The Brazilian M&A market reacted accordingly, with a quick shift in the culture of allocating antitrust risks. Indeed, a pre-merger system makes room for negotiations with Cade in the process of seeking antitrust remedies. This could be a long and burdensome experience, and incentives for the parties to drop or consummate the deal may vary depending on the level of antitrust exposure and contractual enforcement.
Therefore, the allocation of antitrust risk has become an important trend in Brazilian M&A agreements, with a particular focus on termination fees for strategic deals – those where there is a high likelihood that the buyer will be unable to close as part of an antitrust decision/restriction.

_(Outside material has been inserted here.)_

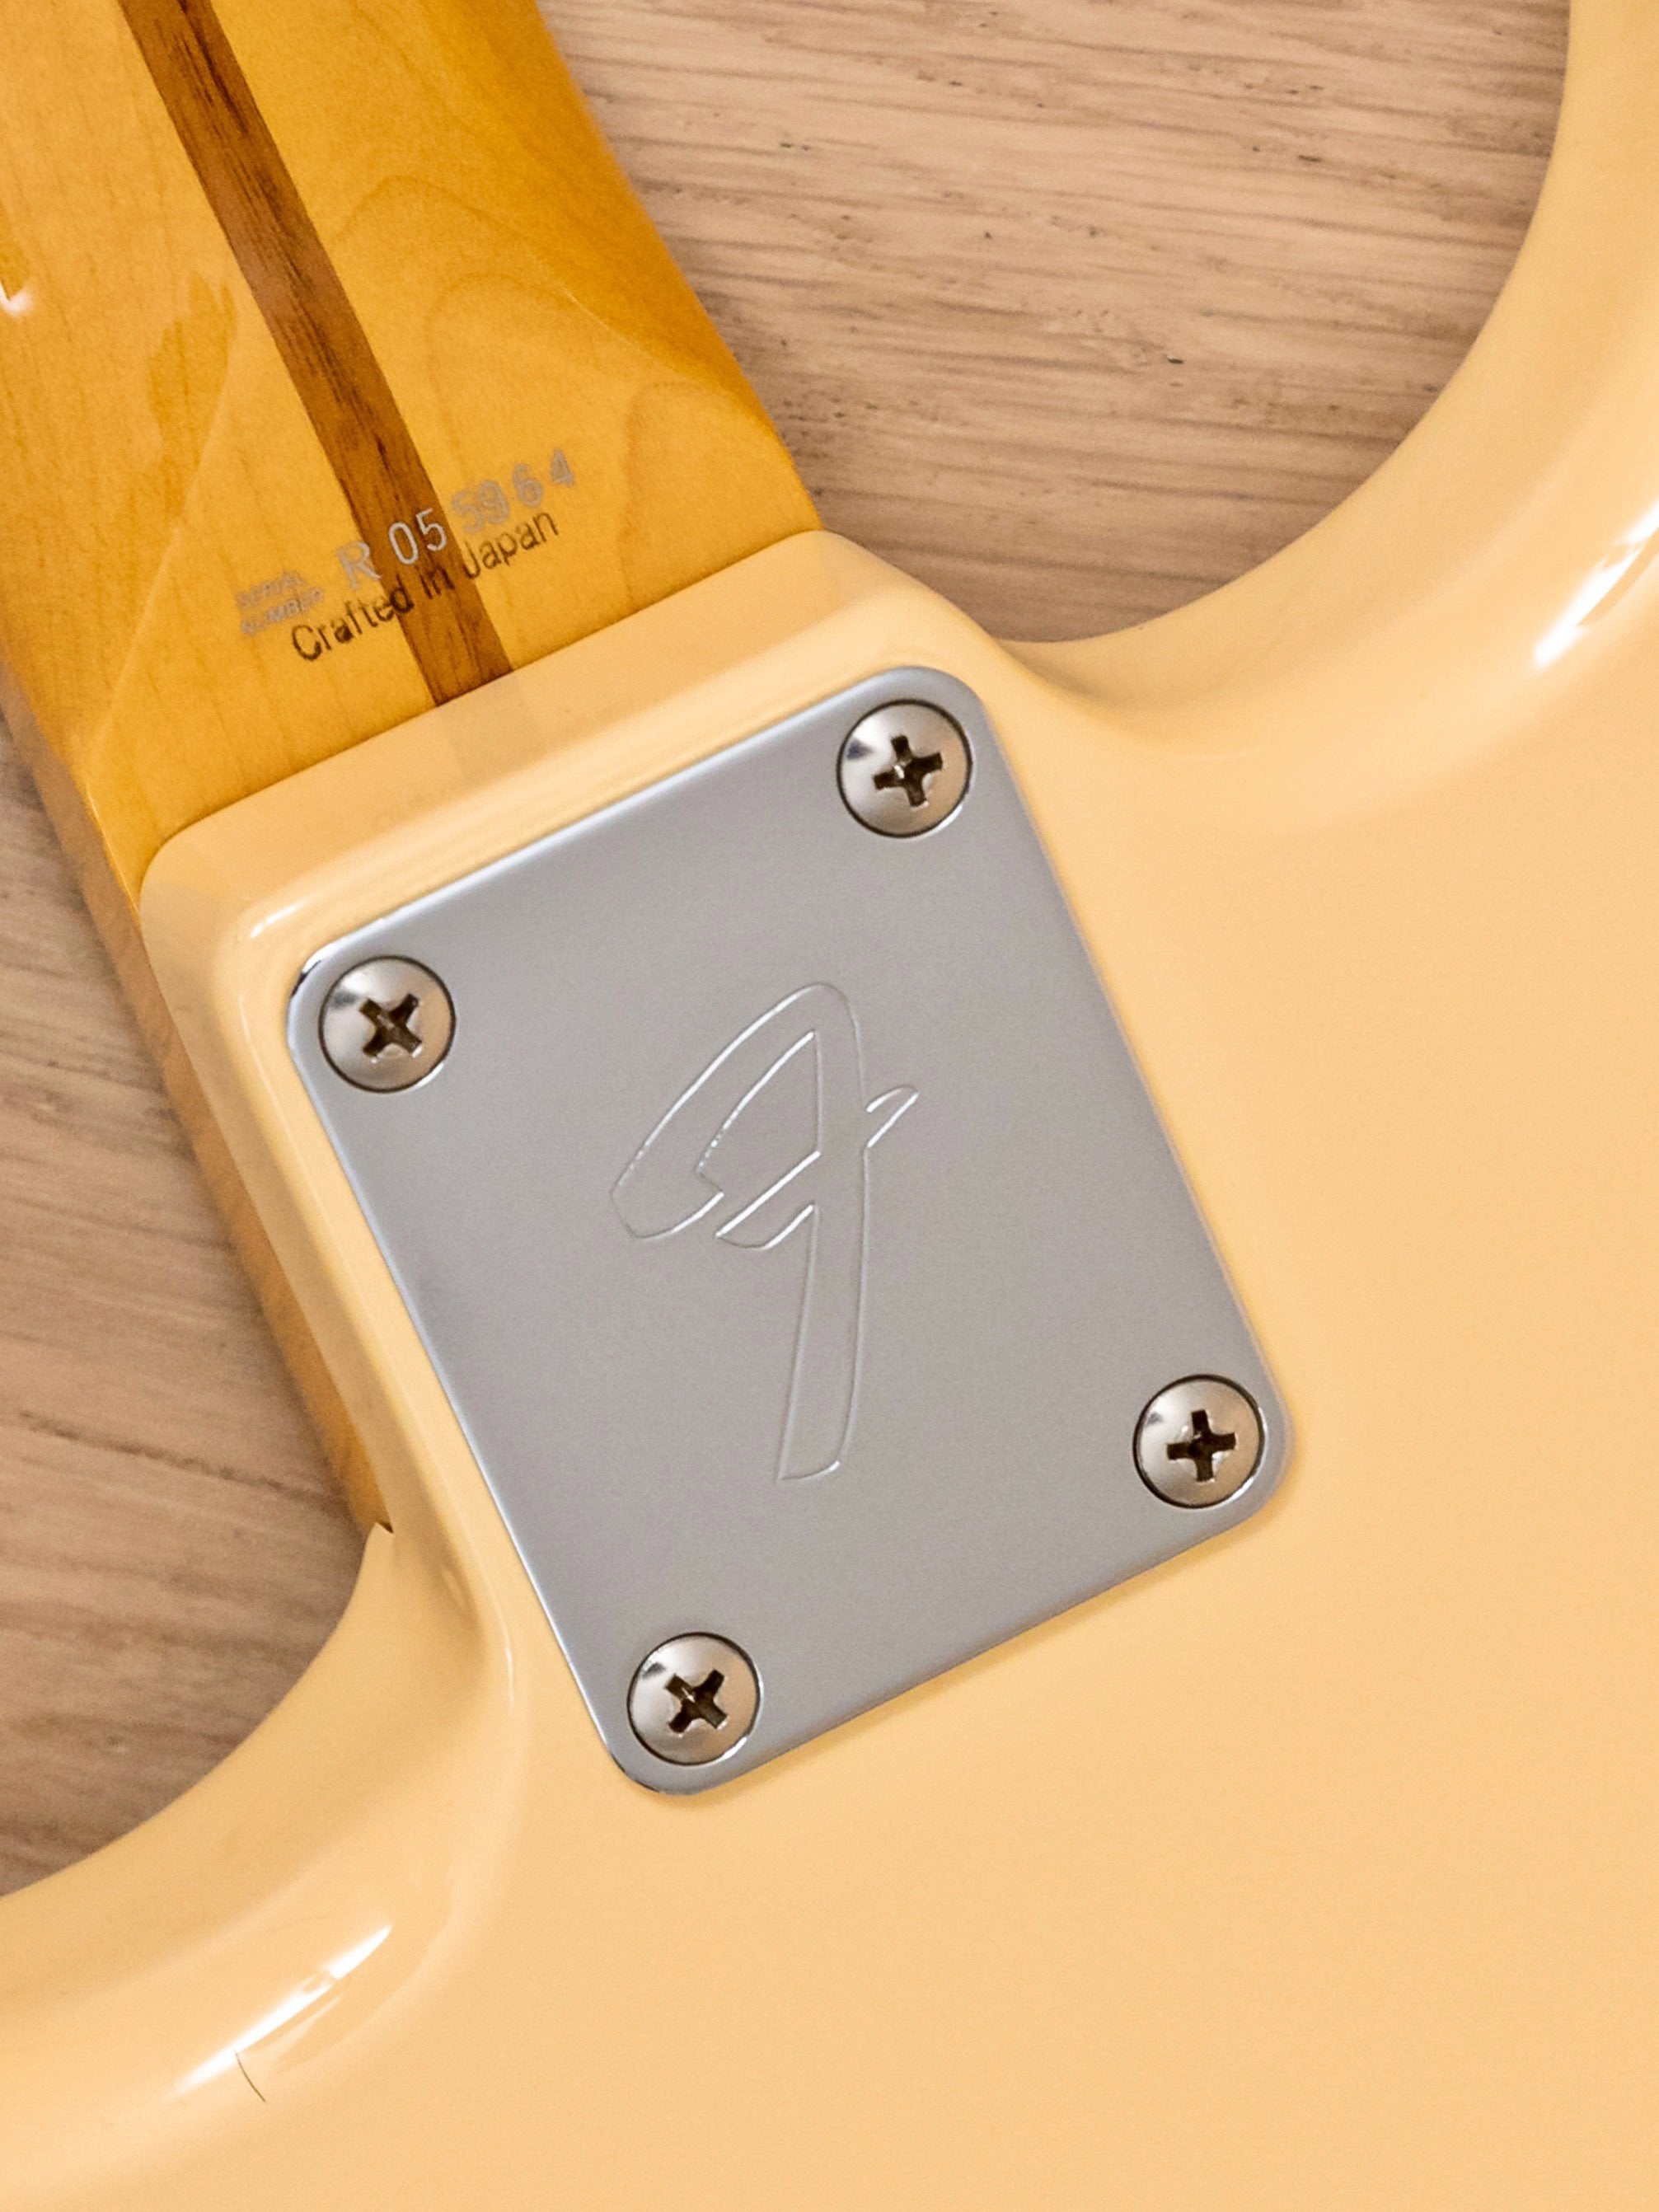 2005 Fender Yngwie Malmsteen Stratocaster ST71-140YM Yellow White w/ USA Noiseless & Tweed Case, Japan CIJ

Such contractual provisions, also known as reverse break-up fees, which typically range from between four and six percent of the deal price, aim at incentivising the buyer to find and negotiate antitrust remedies to clear the transaction. It also financially compensates the seller, in cases where the transaction is rejected, since the target may experience pre-closing losses during the antitrust assessment.
The recent recession in Brazil also boosted this trend, with many consolidation processes in different industries. Not surprisingly, Cade has blocked four transactions over the past 12 months: (i) the Ultrapar proposed acquisition of rival fuel distribution company Alesat; (ii) the purchase of meatpacker Mataboi by JBJ, (iii) the acquisition of education company Estacio by Kroton Educacional; and, more recently, (iv) Ultrapar's proposal to buy distributor Liquigas from Petrobras.
Although the Ultraplar/Alesat transaction did not contemplate a termination fee, Petrobras required from Ultrapar, according to public information, a reverse break-up fee of BRL280 million ($86 million) in case of an antitrust rejection in the Liquigas deal. The fee represented 10% of the total purchase price, close to the one negotiated in the groundbreaking US AT&T/T-Mobile transaction.
The imposition of such a high fee could be explained by the fact that Liquigas' sale was part of a competitive auction with many players disputing the asset. Although Ultrapar offered the highest purchase price, it was clearly the proposal bringing more antitrust exposure, as the leading player within the sector. After a fierce battle of almost one year with Cade, and despite offering divestures to avoid the payment of the fee, the authority rejected the transaction since it would increase the abuse of market power in the affected market – also noting that potential remedies offered were insufficient to decrease concerns.
Lesson to learn: reverse break-up fees are a good way both to ensure that the buyer is sure about the deal and financially to protect the seller in case of a rejection. An advance risk assessment, though, is key for the parties to better allocate risks arising from this type of provision.